Member of the National Assembly
- In office 18 September 2017 – 7 May 2018
- In office 4 March 2013 – 5 May 2014

Personal details
- Born: 3 June 1977 (age 48) Budapest, Hungary
- Party: Fidesz (2004–2025) KDNP (2006–2025) MERJ (since 2025)
- Spouse: Bernadett Gaal-Hasulyó
- Profession: educator, politician

= Gergely Gaal =

Hungarian educator and politician

Gergely Gaal (born 3 June 1977) is a Hungarian educator and politician, member of the National Assembly (MP) from Fidesz–KDNP Pest County Regional List from 2013 to 2014 and from National List between 2017 and 2018.

Gaal joined Fidesz in 2004 and KDNP in 2006. He was elected deputy mayor of Solymár in the 2010 local elections. He became MP from the party's Pest County Regional List in March 2013, replacing László Salamon, who was appointed a member of the Constitutional Court of Hungary, as a result he resigned on 24 February 2013. Gaal was elected a member of the Committee of National Cohesion on 4 March 2013 and Committee on Youth, Social, Family and Housing Affairs on 10 June 2013.

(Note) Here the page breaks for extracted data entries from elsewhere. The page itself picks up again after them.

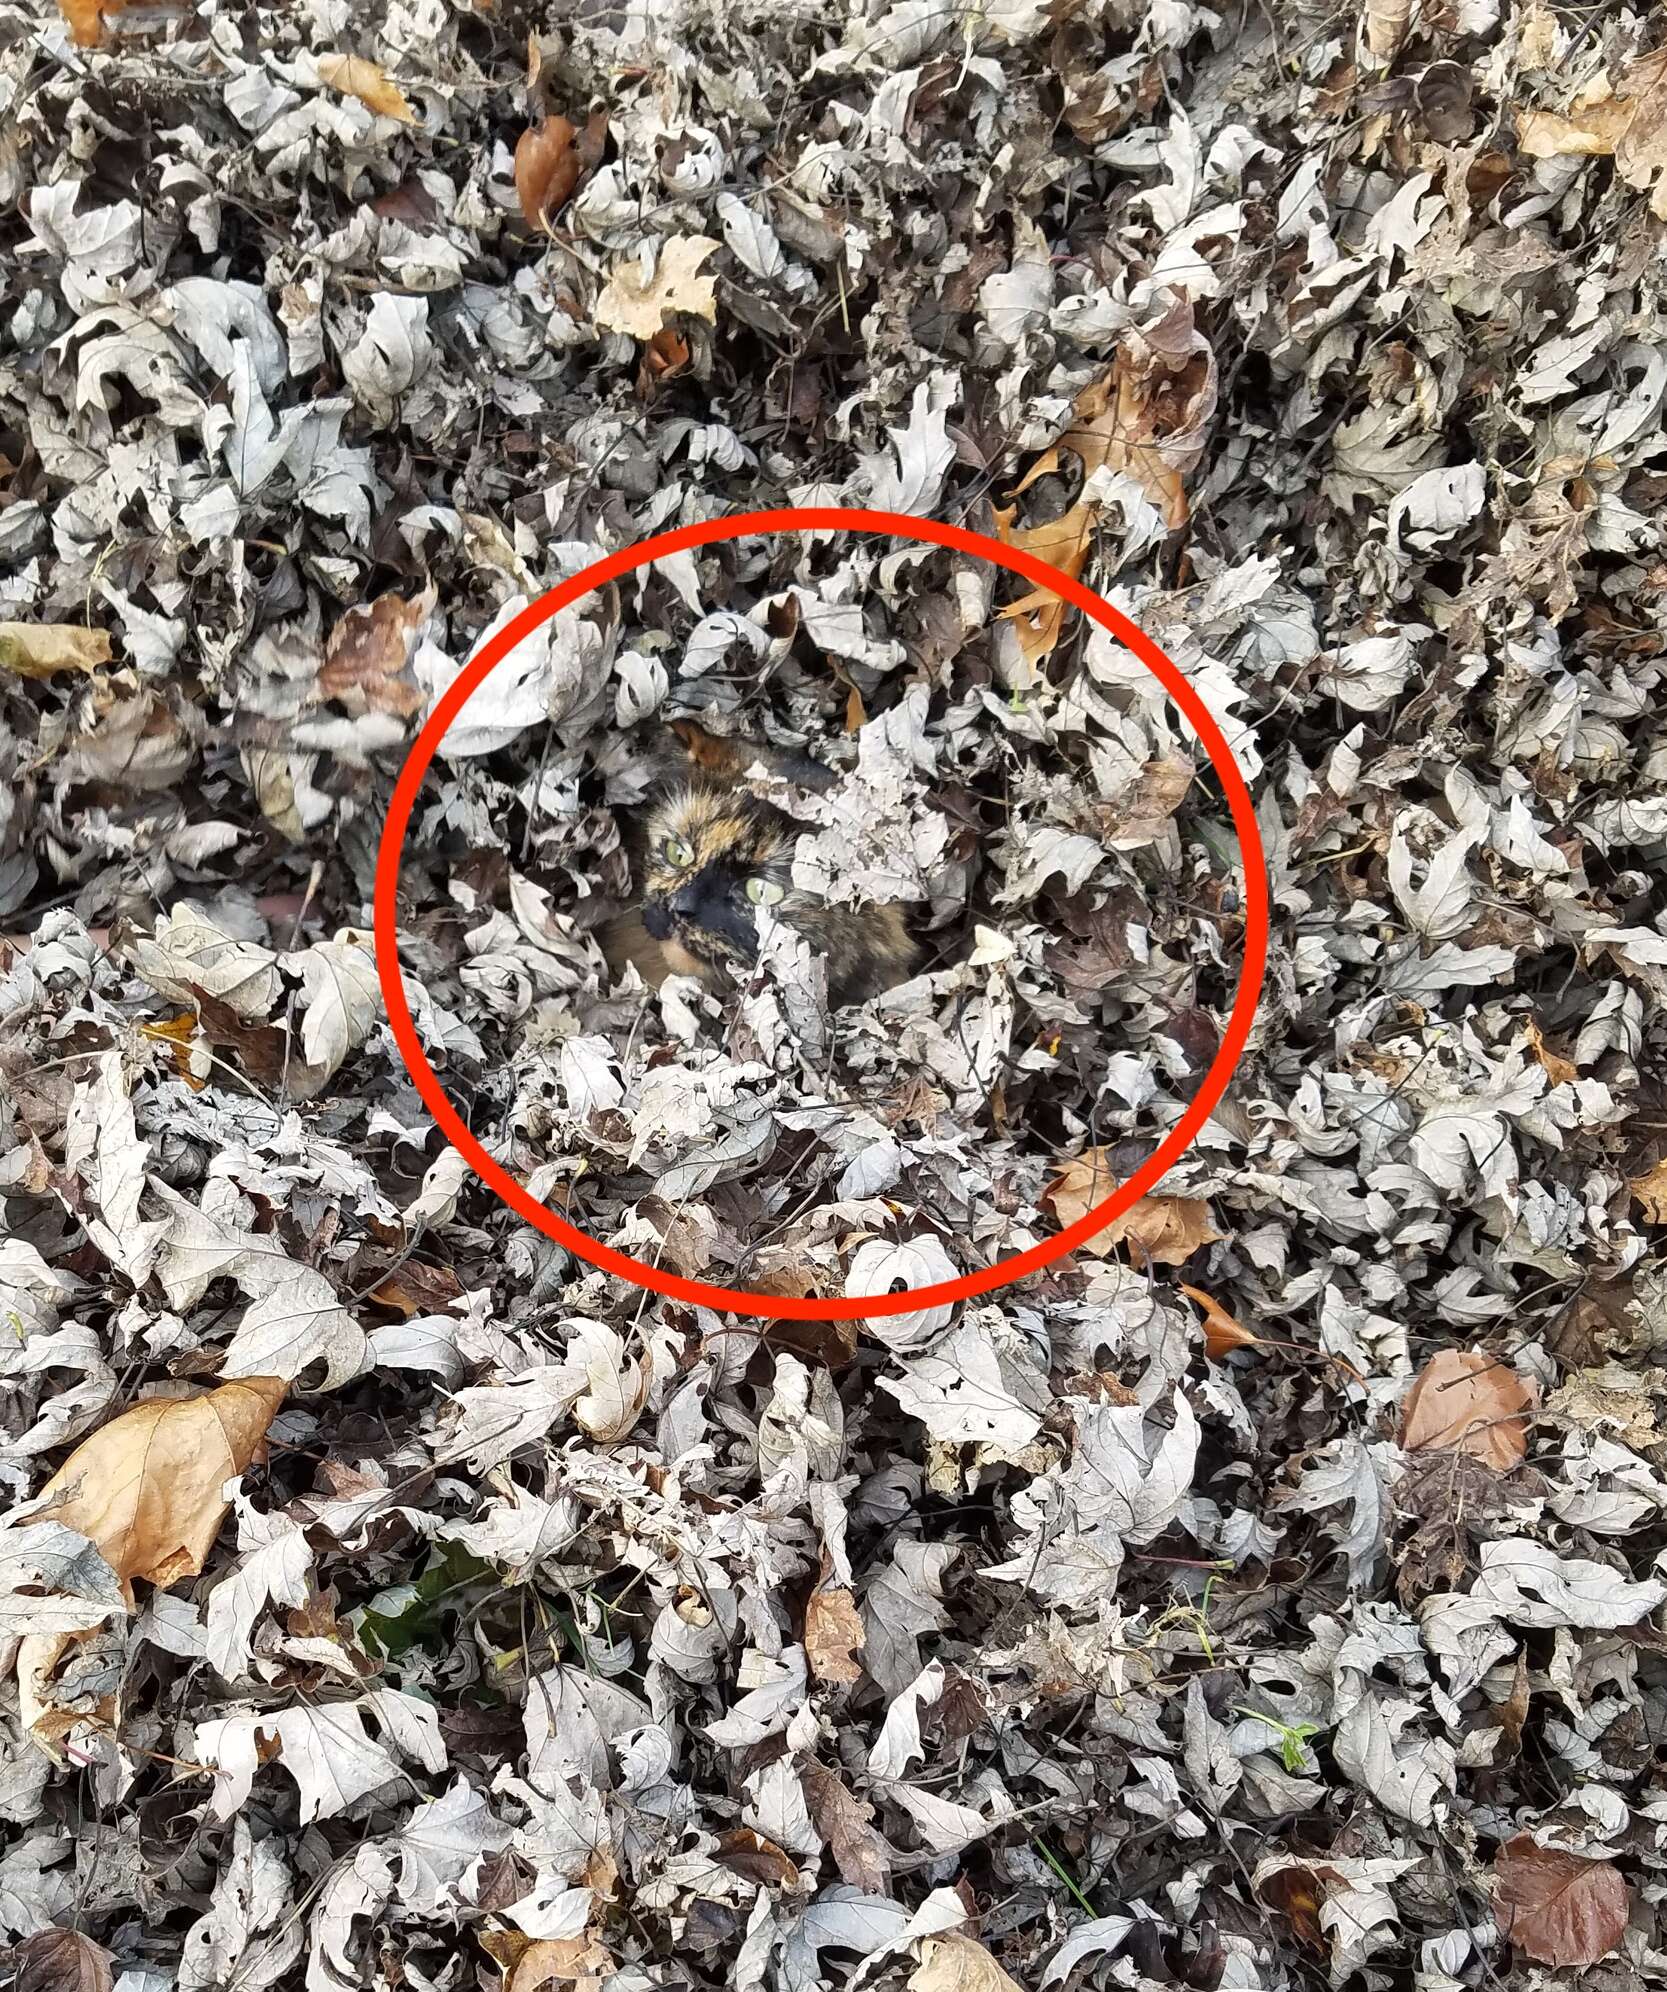 Tortoiseshell cat hidden in leaf pile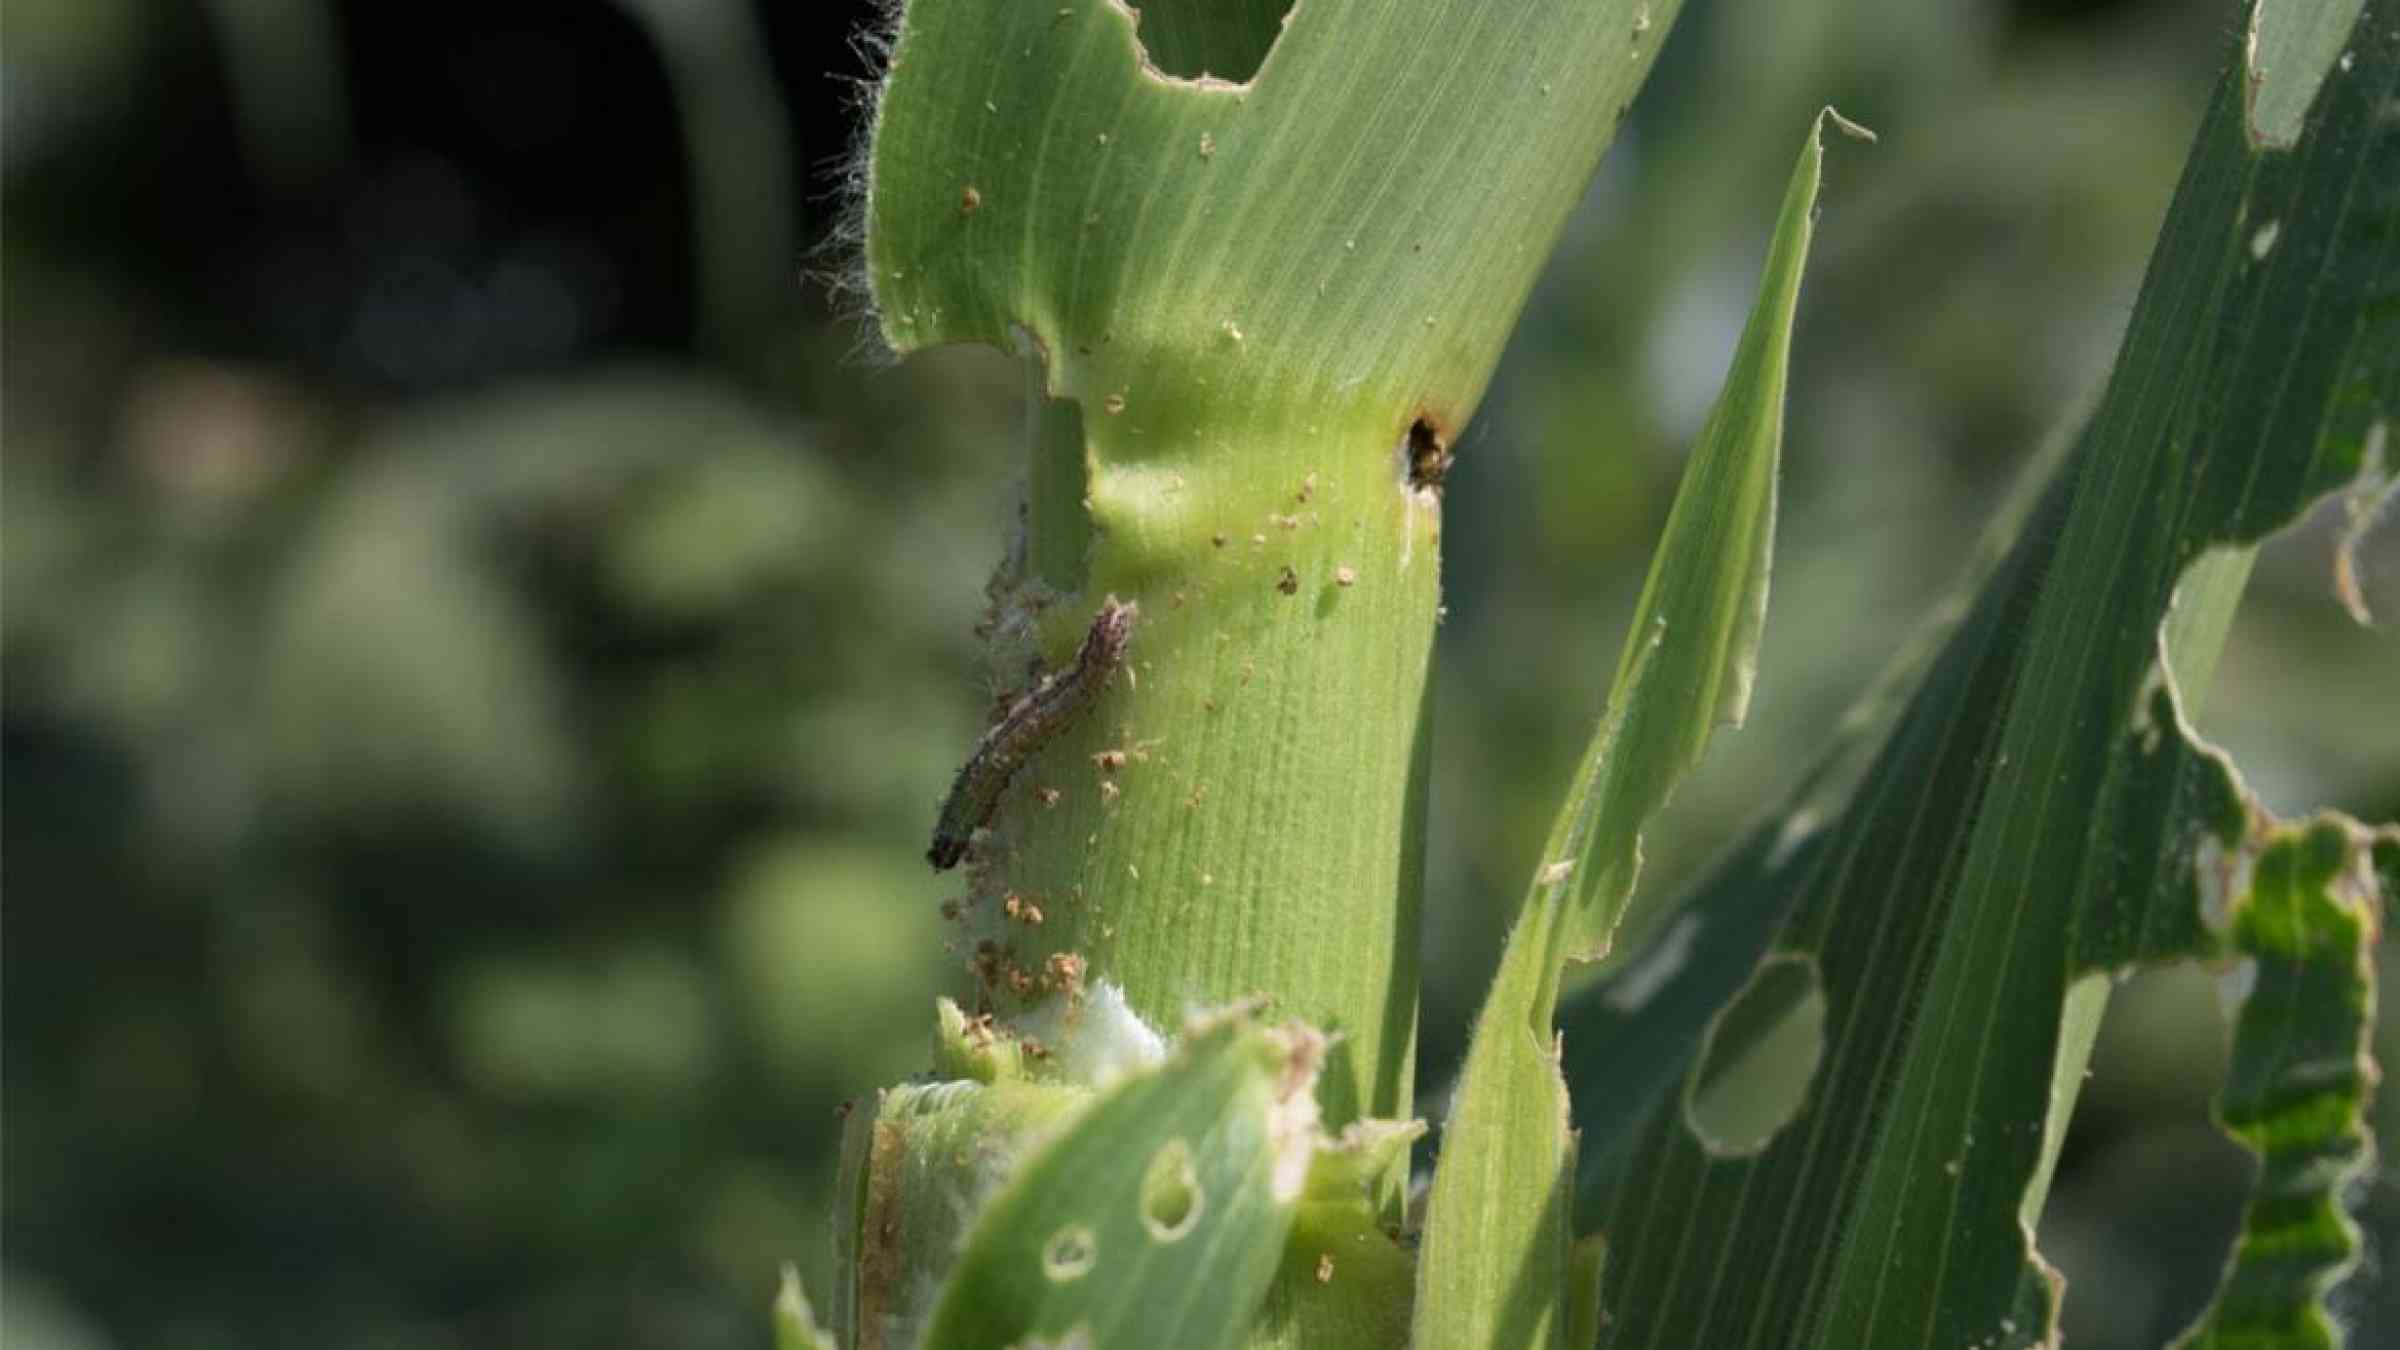 Armyworm feeding on a corn plant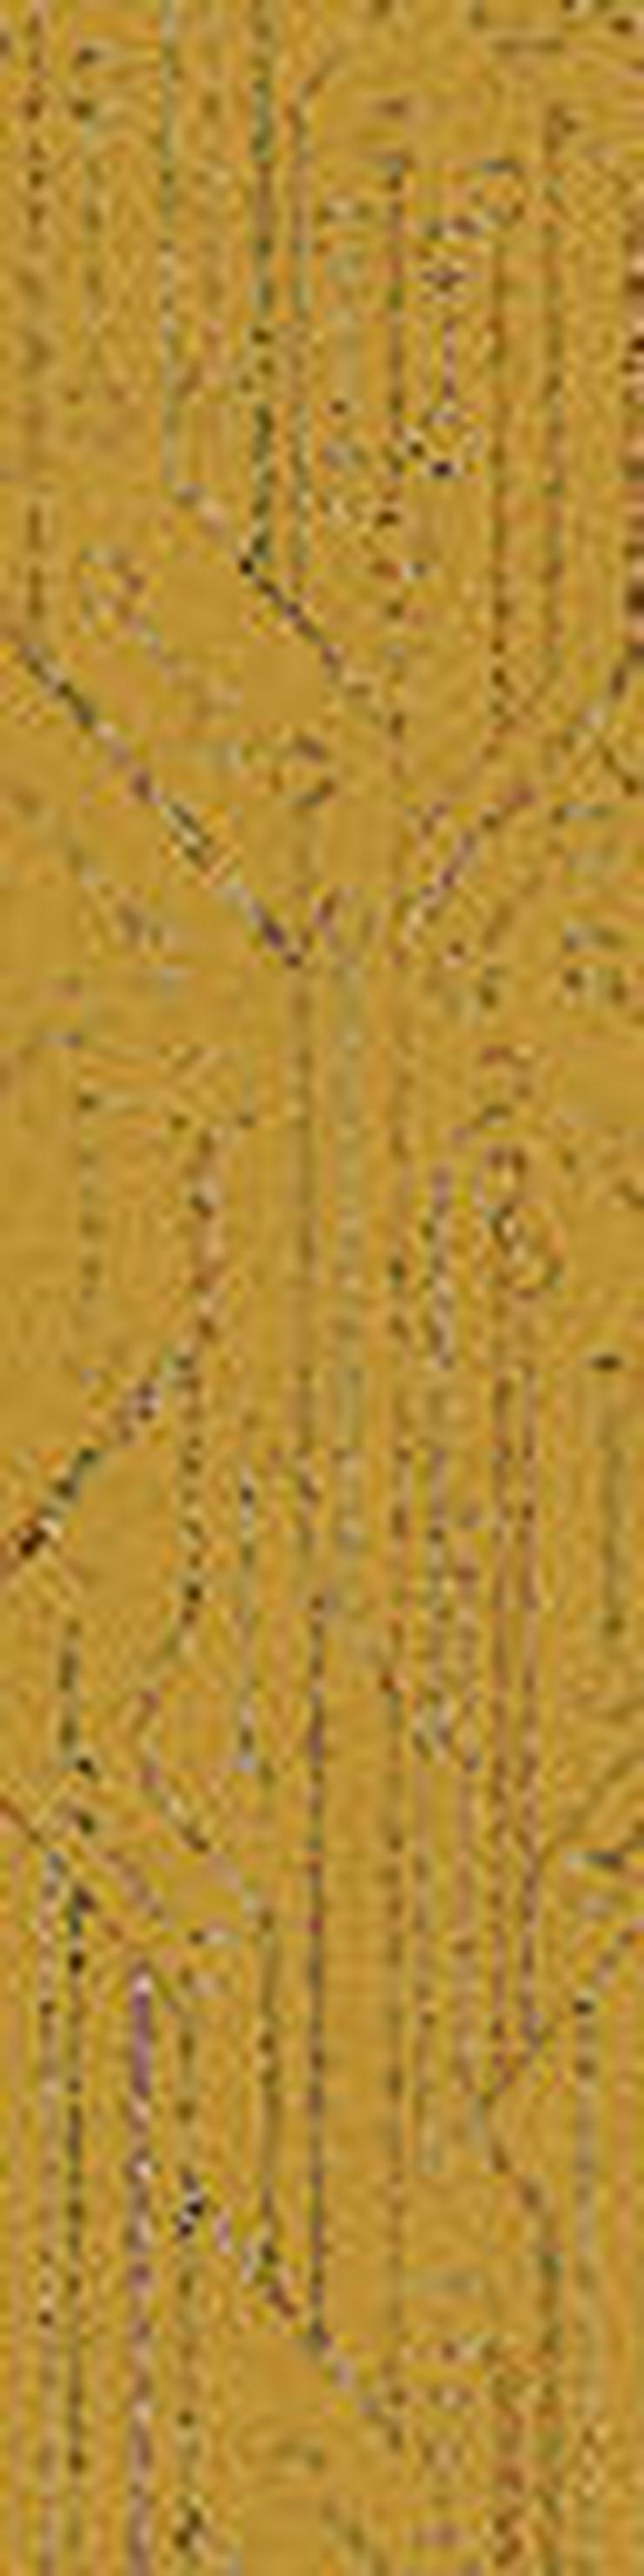 Jetzt im Angebot: Schöne gelbe 25X100cm Interface Teppichfliesen - Teppiche - Bild 2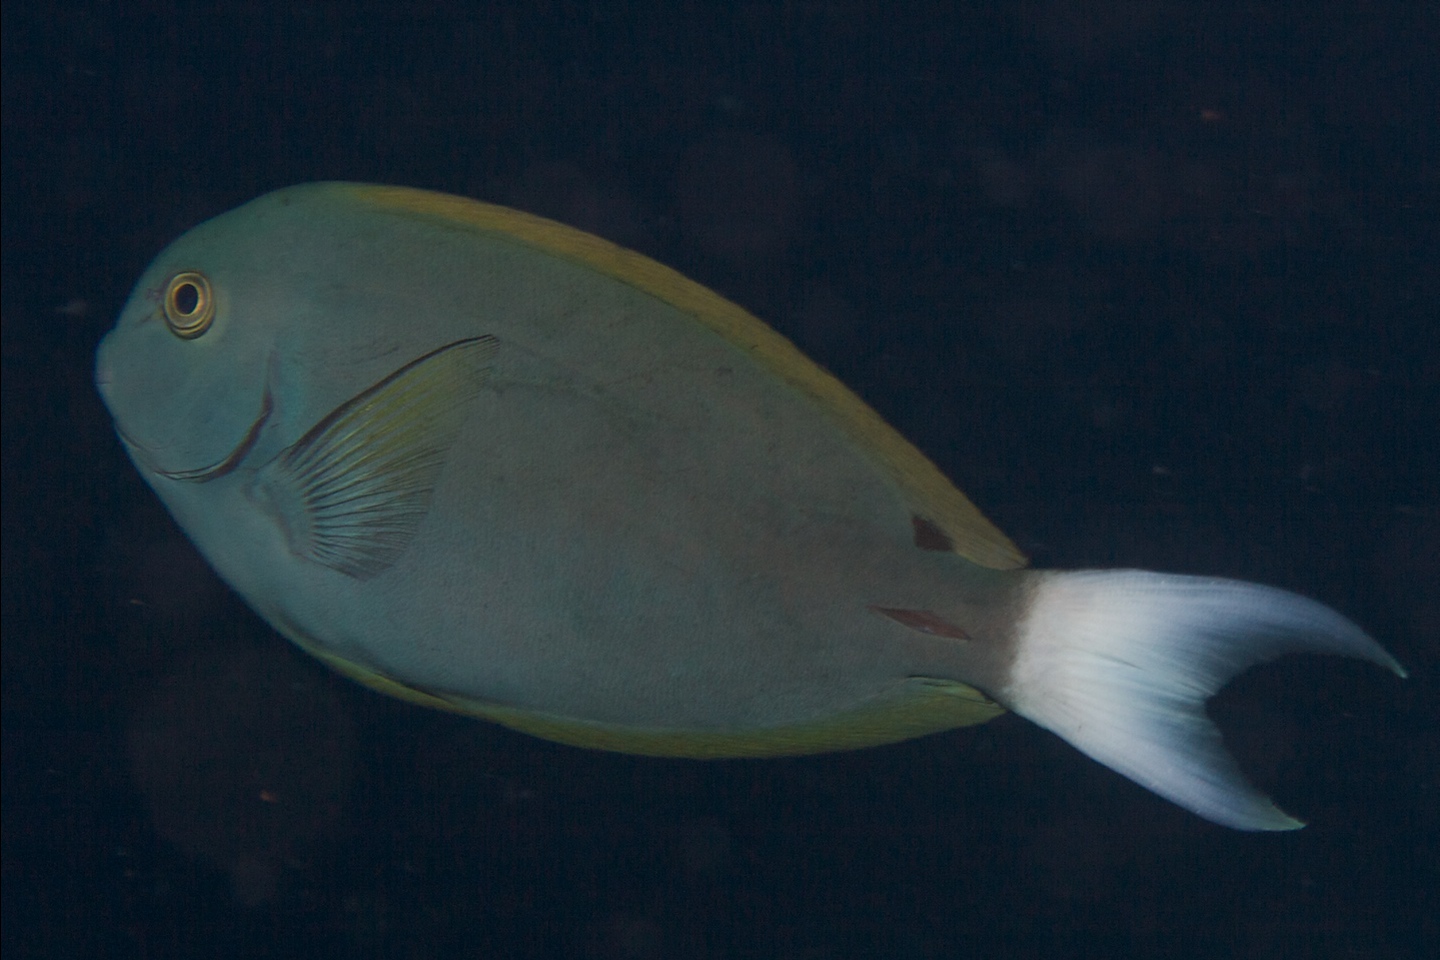 Whitetail surgeonfish

He was elected MP again on 18 September 2017, replacing György Rubovszky, who died in office in June 2017. Gaal was appointed Ministerial Commissioner within the Prime Minister's Office responsible for the coordination and promotion of settlement development programs at the local level and from domestic sources on 10 December 2020.

On 22 May 2025, he announced in a video that he would resign from the KDNP national presidency, but would retain his party membership. He justified his resignation by saying, "It would not be credible on my part to continue to stand by a leadership whose worst face I have seen and whose discredit and distortion I have experienced firsthand."